AASTK documentation

Note:
AASTK is in development, but a first stable version will be released soon.

AASTK documentation

Documentation for the amino acid sequence toolkit (AASTK) version 0.0.1.

AASTK synopsis
Installation instructions
Protein alignment score ratio (PASR)
Clustering alignment score matrix (CASM)
Colocated unidirectional gene organization (CUGO)
Metadata retrieval (Meta)
Database utilities

AASTK synopsis

The amino acid sequence toolkit (AASTK) is a suite of tools that enables construction and analyses of protein sequence datasets from the GlobDB genomes. The GlobDB is the most comprehensive resource of species-representative genomes of Bacteria and Archaea. AASTK is designed to leverage the GlobDB to create and analyse protein sequence datasets of maximum phylogenetic diversity for evolutionary and functional studies.

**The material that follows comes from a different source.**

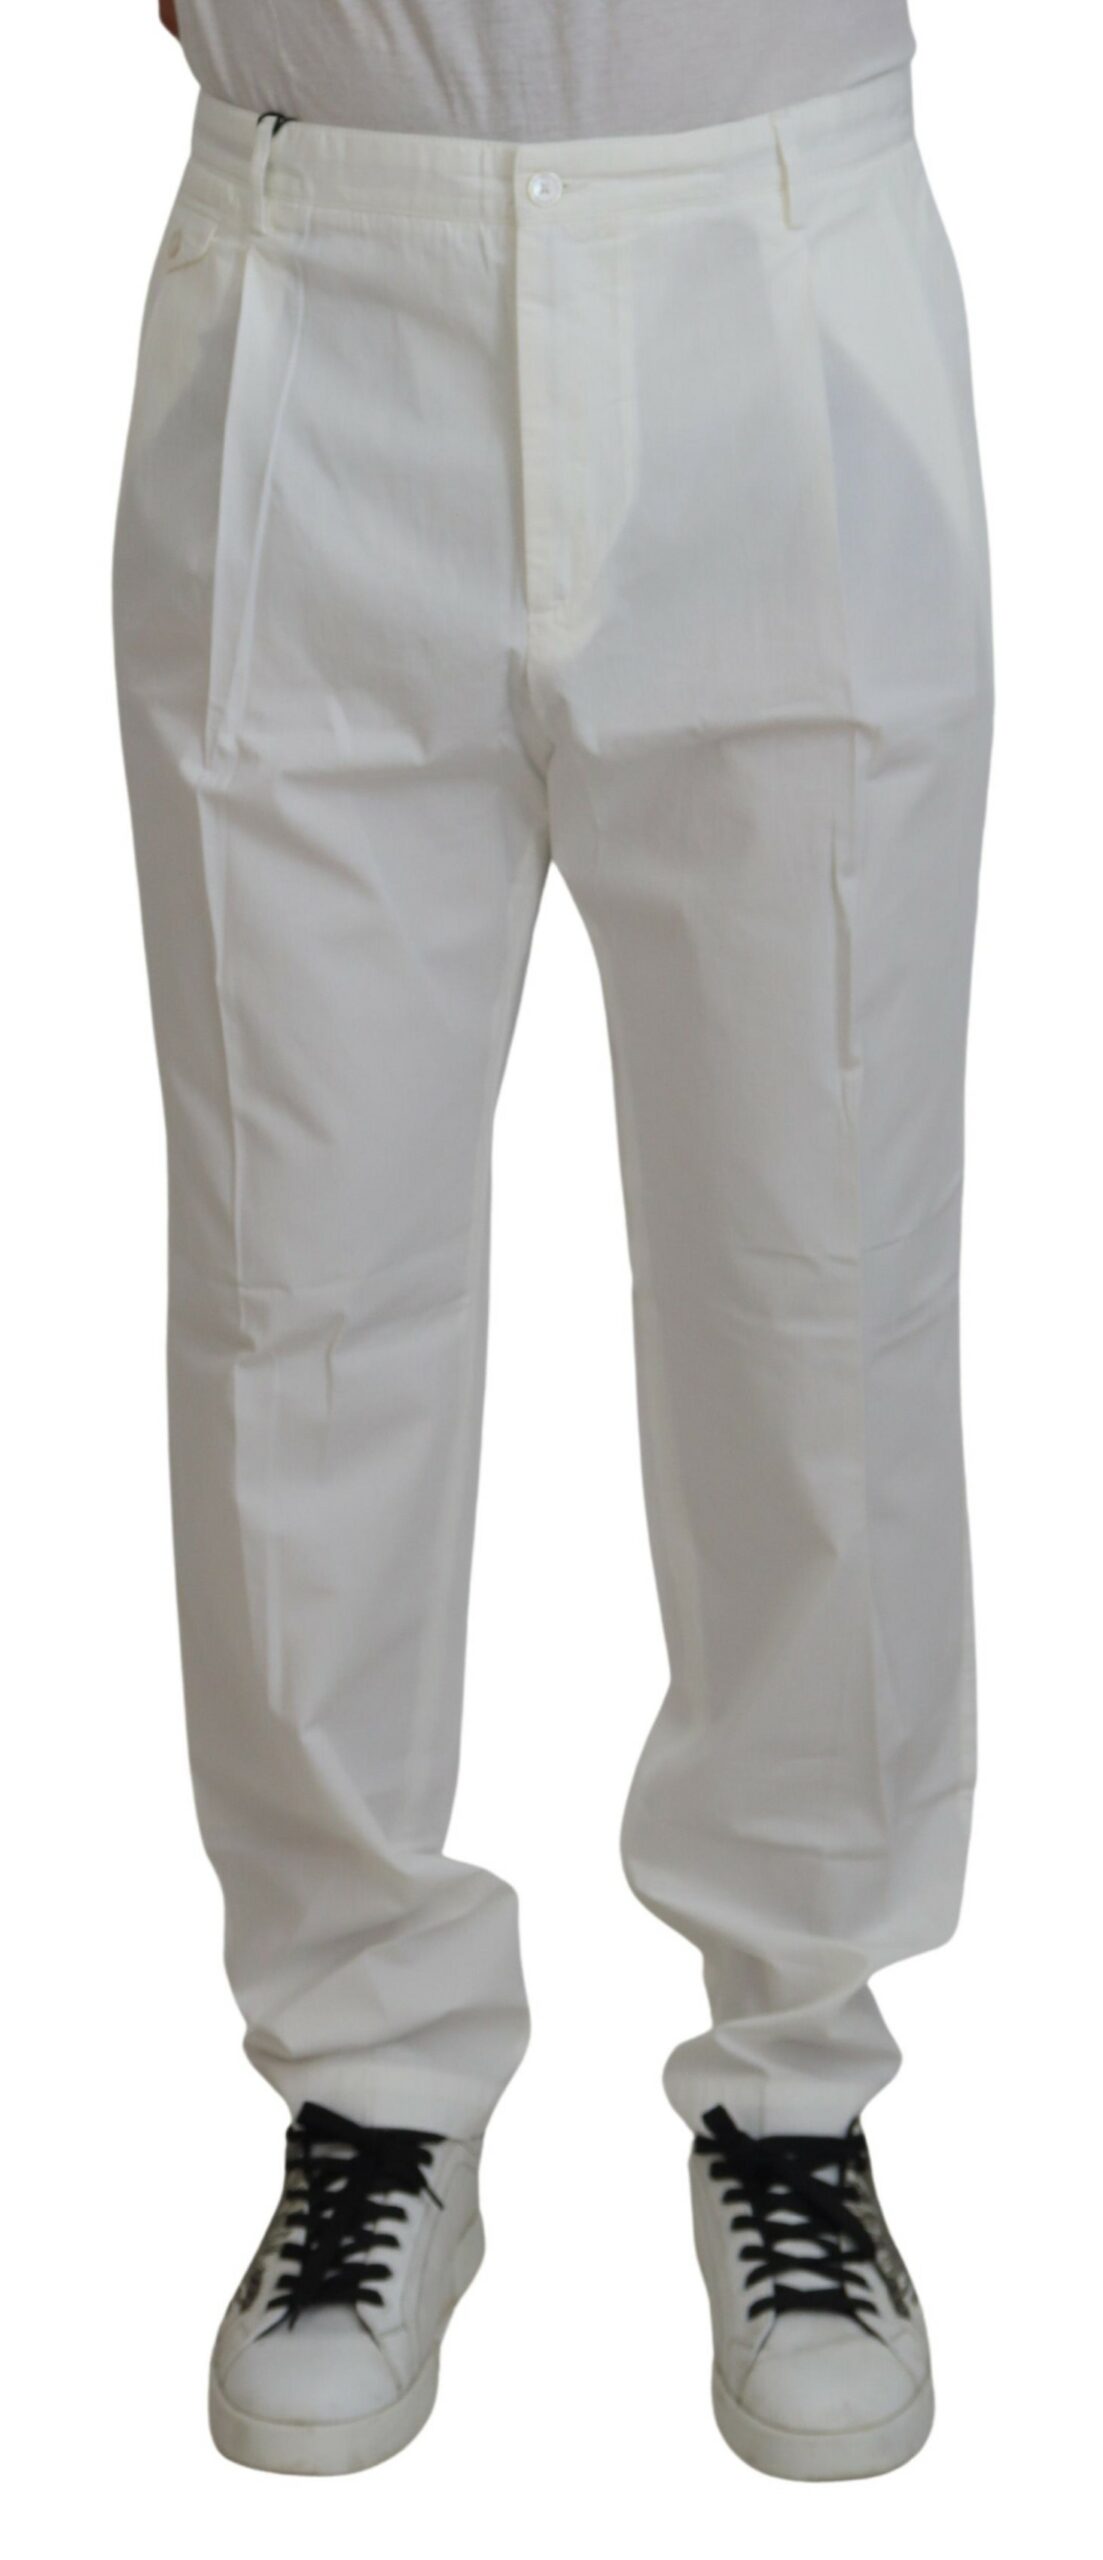 White Knit Lounge Pants Men - Trendy Knit Pants

For some functions, AASTK uses a precomputed SQL database that includes the protein sequences of all GlobDB genomes, their genomic context, functional annotations from KEGG, COG, and PFAM, and metadata on the genomes and the protein sequences. This SQL database is available for download under Downloads. To reduce download burden, a protein fasta file containing all GlobDB amino acid sequences can be exported from the SQL database (see database utilities).

AASTK currently consists of four tools:
pasr - Creating and updating comprehensive datasets of proteins of interest.
casm - Clustering datasets of complex functionally diverse protein superfamilies.
cugo - Assessing consensus genomic context of a protein dataset.
meta - Retrieving metadata such as taxonomy, environment, and annotations from the AASTK SQL database

A short description of the main tools of AASTK can be found below. A full description of all command line tools and arguments is available on their respective pages, accessible via the dropdown menu or the links below.

Source code for AASTK is available on github.

Installation instructions

We recommend installation using conda (NOTE: this will not work before the initial release of AASTK)
conda create aastk
conda activate aastk
conda install -c conda-forge aastk
Installation instructions from source or using pip are available on github.

Protein alignment score ratio (PASR)

PASR synopsis

PASR is intended for the creation of comprehensive sequence datasets of homologous proteins by aligning all sequences in a query dataset to a (small) seed dataset of sequences of interest using DIAMOND. Thus, the query file is the large dataset containing all proteins to be searched, and the seed is the (preliminary) dataset of homologous proteins to be found in the query data.

The helper tool pasr_select can be used to select sequences to include in the final dataset, based on the PASR plot.

The PASR workflow consists of the following steps:

Creating of a DIAMOND database of the seed dataset.
Alignment of all sequences in the query dataset against the seed database
Extraction of all hits from the query dataset
Calculation of the maximum alignment score of each hit.
Calculation of the alignment score ratio.
Generating the PASR plot.

The entire workflow can be run using aastk pasr, as shown in the usage example below. All command line options for PASR are available on the PASR command line reference page.
Individual steps of the PASR workflow are accessible from the command line using the build, search, get_hit_seqs, max_score, bsr, and pasr_plot commands. The command line options for these 6 commands are also available on the PASR command line reference page.

PASR usage example

Basic usage:
aastk pasr -m BLOSUM45 -q query.fasta -s seed.fasta -o output_dir
Where
-m specifies the scoring matrix to be used, can be BLOSUM62 or BLOSUM45
-q specifies the query dataset in fasta format
-s specifies the seed database of homologous proteins, in fasta format
-o specifies the output directory

Full command line reference for PASR.

PASR output overview

The PASR output consists of the following files:
<seed_basename>_bsr.png
The PASR plot (see example below)
<seed_basename>_bsr.tsv
Tab delimited file containing the plot data
<seed_basename>_matched.faa
Sequences of matches in the query dataset

When PASR is run with --keep the following additional files will be kept
<seed_basename>_columns.json
Column names for the bsr table
<seed_basename>.dmnd
DIAMOND database of the seed sequence(s)
<seed_basename>_hits.txt
DIAMOND output in tabular format
<seed_basename>_matched.stats
Basic stats of the matching sequences
<seed_basename>_max_scores.tsv
Maximum alignment scores of the matches
aastk subprocess stderr log
Log of the subprocesses run during pasr

The PASR plot is a scatterplot showing all matching sequences from the query dataset where the x-axis is the maximum alignment score, and the y-axis is the score against the seed database. The points are colored by identify of the hit. The histograms on each axis indicated the number of matches, to mitigate plot overcrowding.
When pasr is run with --update or when the plot is generated using pasr_select dashed lines will indicate the selected cutoff values used.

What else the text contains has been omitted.